I want to replace all strings that contain a specific substring. So for example if I have this dataframe:
import pandas as pd df = pd.DataFrame({'name': ['Bob', 'Jane', 'Alice'], 'sport': ['tennis', 'football', 'basketball']})
I could replace football with the string 'ball sport' like this:
df.replace({'sport': {'football': 'ball sport'}})
What I want though is to replace everything that contains ball
(in this case football
and basketball
) with 'ball sport'. Something like this:
df.replace({'sport': {'[strings that contain ball]': 'ball sport'}})
You can replace substring of pandas DataFrame column by using DataFrame. replace() method. This method by default finds the exact sting match and replaces it with the specified value. Use regex=True to replace substring.

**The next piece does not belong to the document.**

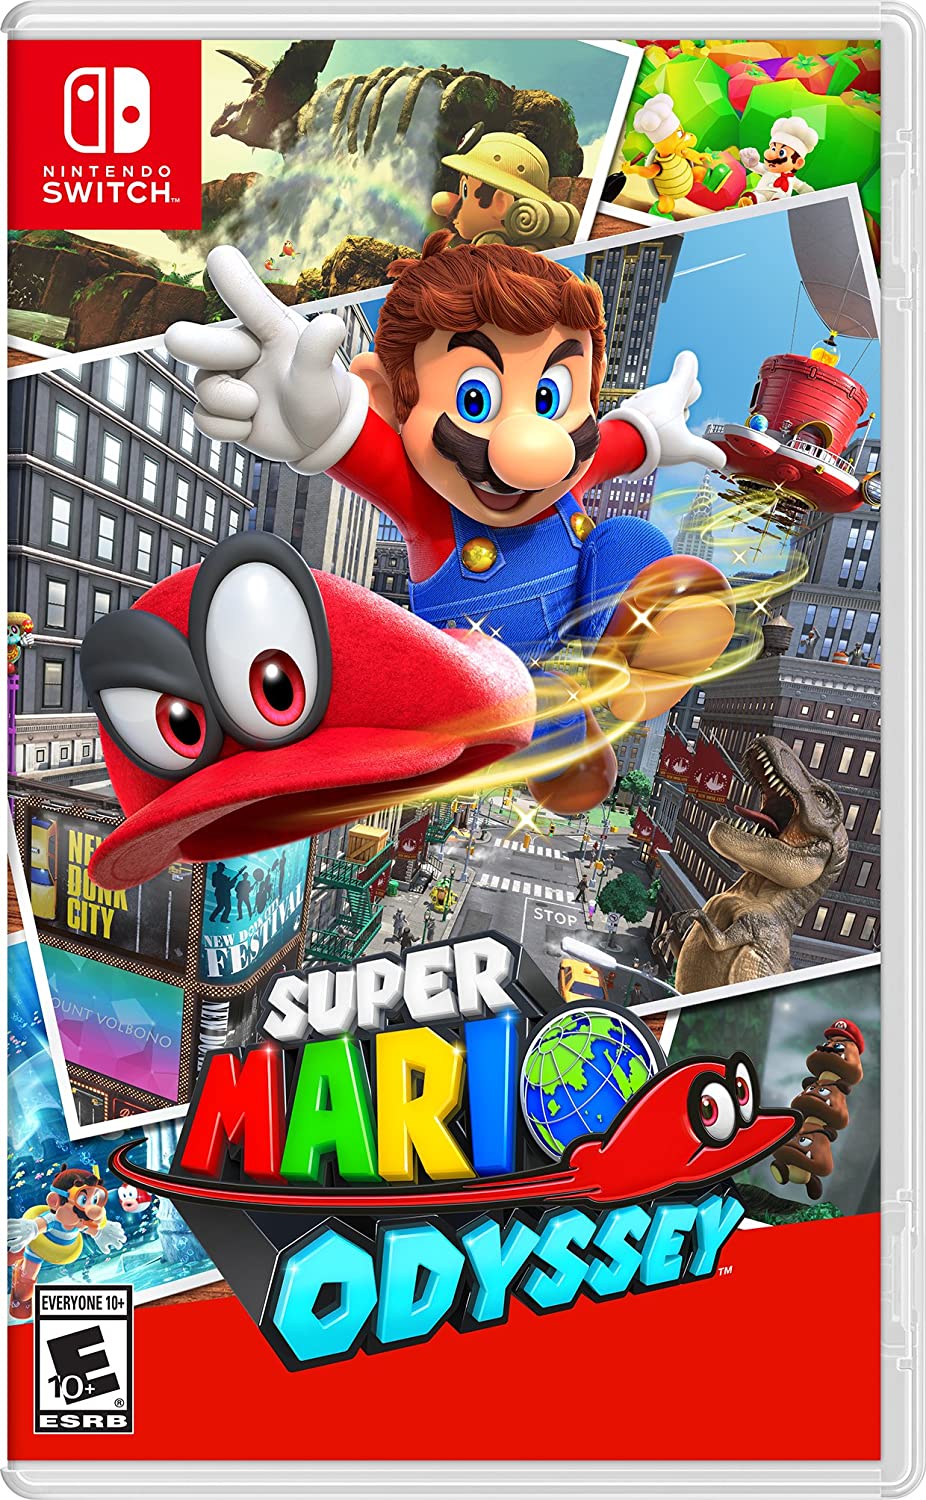 Super Mario: Odyssey for the Nintendo Switch.

The easiest way to replace all occurrences of a given substring in a string is to use the replace() function.
Using “contains” to Find a Substring in a Pandas DataFrame The contains method returns boolean values for the Series with True for if the original Series value contains the substring and False if not. A basic application of contains should look like Series. str. contains("substring") .

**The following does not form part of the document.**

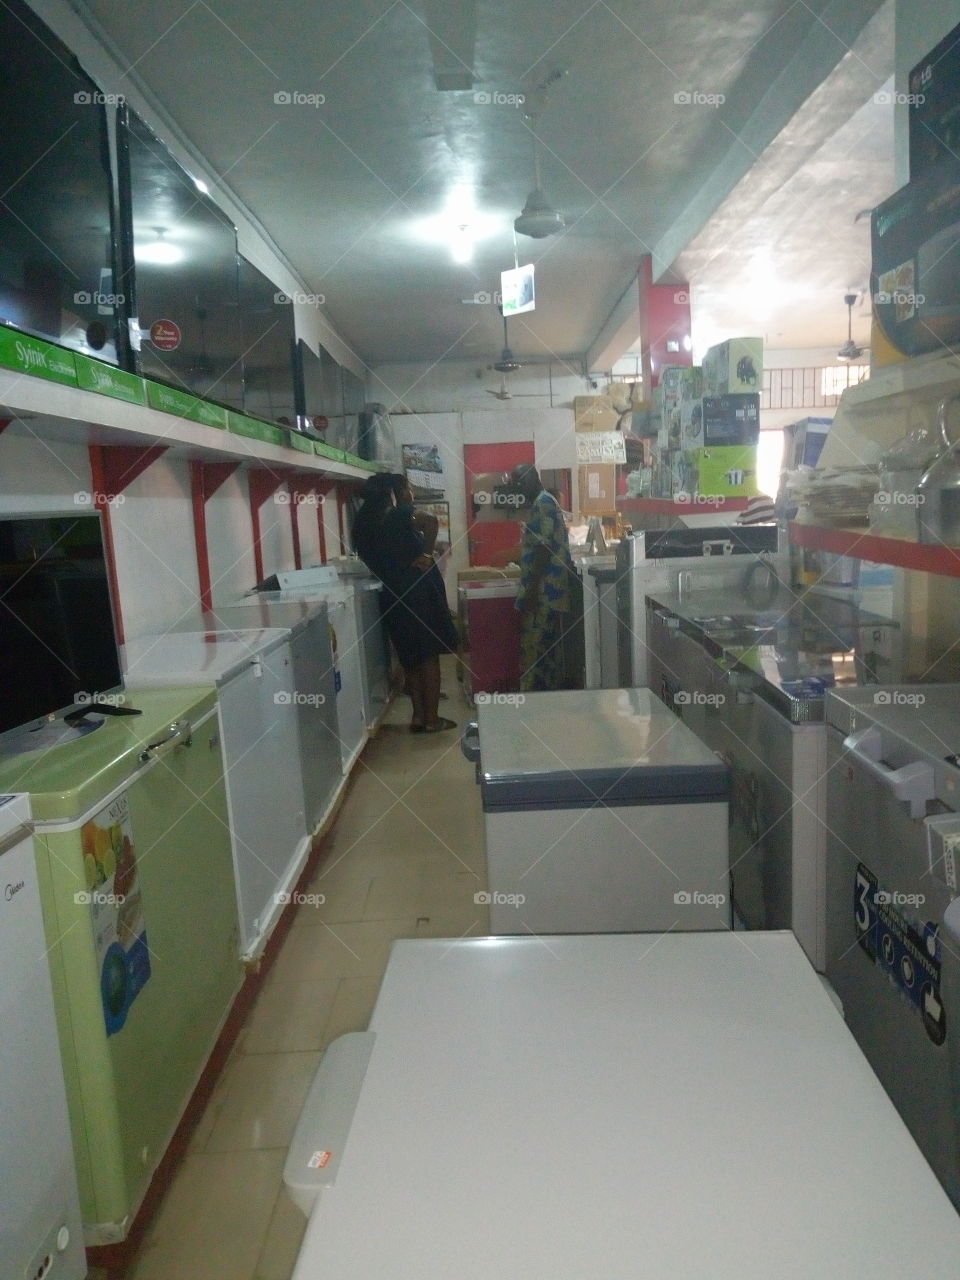 looking for home appliances? This is a store to visit

Pandas replace multiple values in column replace. By using DataFrame. replace() method we will replace multiple values with multiple new strings or text for an individual DataFrame column.
You can use str.contains
to mask the rows that contain 'ball' and then overwrite with the new value:
In [71]: df.loc[df['sport'].str.contains('ball'), 'sport'] = 'ball sport' df Out[71]: name sport 0 Bob tennis 1 Jane ball sport 2 Alice ball sport
To make it case-insensitive pass `case=False:
df.loc[df['sport'].str.contains('ball', case=False), 'sport'] = 'ball sport'
You can use apply
with a lambda. The x
parameter of the lambda function will be each value in the 'sport' column:
df.sport = df.sport.apply(lambda x: 'ball sport' if 'ball' in x else x)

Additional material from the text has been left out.